5

5

Поскольку в нашем порту стоял единственный (правда, уже давно устаревший) линкор Республики «Хаиме Примейро», обладавший весьма незначительными зенитными средствами (несколькими пулеметами и одной пушченкой малого калибра), то возникла вполне реальная опасность, что фашисты могут его потопить своей авиацией. Для защиты корабля с воздуха срочно потребовались либо истребители, либо зенитная артиллерия достаточной мощности и дальнобойности. Ведь потеря этого линкора (хоть в боевом отношении сейчас и бесполезного), помимо материального фактора, имела и значительное моральное значение: это был единственный линкор флота Республики. И то, что долго не находилось для защиты женщин и детей стотысячного города, сразу же нашлось, когда дело коснулось сохранности линкора.

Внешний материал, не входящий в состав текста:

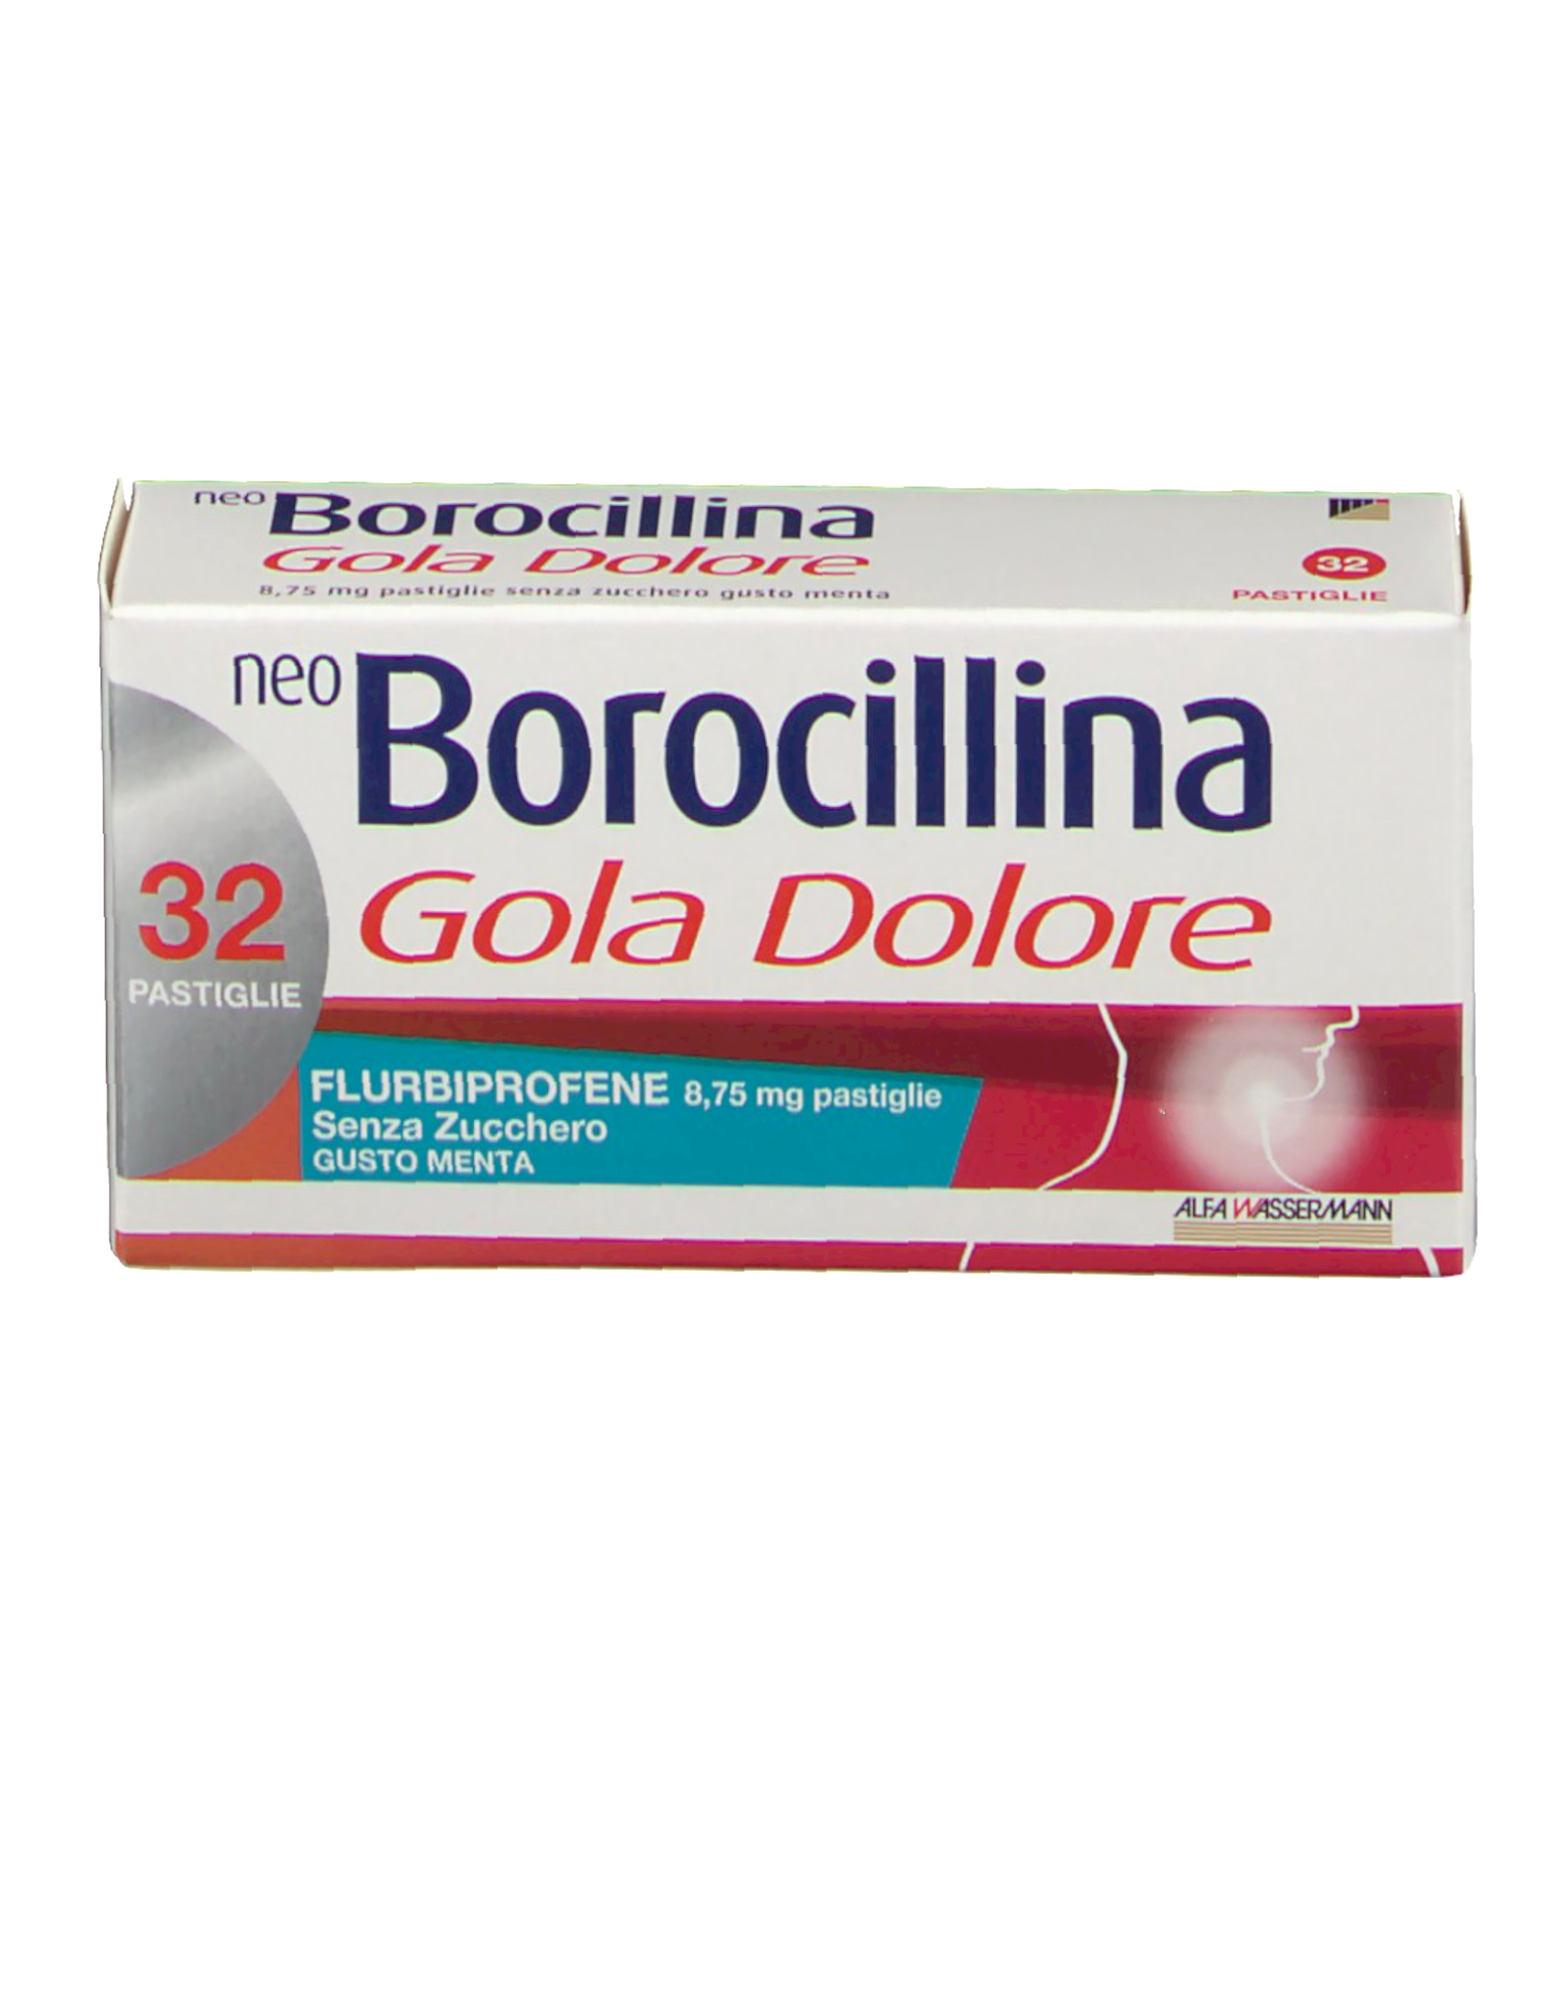 NeoBorocillina Gola Dolore 8,75 mg - 32 pastiglie senza zucchero-Gusto Menta

Военное министерство выделило для Альмерии советскую, образца 1931 года, четырехпушечную батарею с центральной наводкой. Пушки калибром 75 мм били на расстояние до 15 километров по горизонтали и до 10 километров по вертикали, что для авиации того времени было более чем достаточно. Управление огнем батареи было полностью механизировано: командир и главный наводчик находились у дальномера с оптической наводкой, обеспечивающего точное измерение расстояния до цели. Поймав в окуляр цель, ее вели, поворачивая специальные ручки горизонтальной и вертикальной наводок в нужные стороны. Перед наводчиком каждого орудия на специальной доске находились два прибора горизонтальной и вертикальной наводки с красной и зеленой стрелками.

Слежение за целью осуществлялось так: командир, поймав в дальномер цель и определив до нее расстояние, соответственно поворачивал ручки горизонтальной и вертикальной наводок орудий с таким расчетом, чтобы пушки все время следили за целью. Это обеспечивалось тем, что на приборной доске каждого орудия красные стрелки все время перемещались в зависимости от продвижения цели, которую командир вел, поворачивая ручки. Наводчики же всех орудий, соответственно, поворачивали их до полного совпадения положений красной командирской стрелки и своей зеленой, вместе с которой двигался и ствол орудия. Таким образом обеспечивалось непрерывное слежение всех орудий батареи за целью. В нужный момент командир батареи передавал по телефону наводчикам орудий деление дистанционной трубки снаряда (то есть дистанцию, пройдя которую снаряд взорвется), заряжающий быстро его устанавливал, и по команде производился залп. Если орудия все время строго следили за целью, дистанционная трубка разрыва снаряда установлена верно и все полученные командиром данные правильны, то стрельба могла быть успешной.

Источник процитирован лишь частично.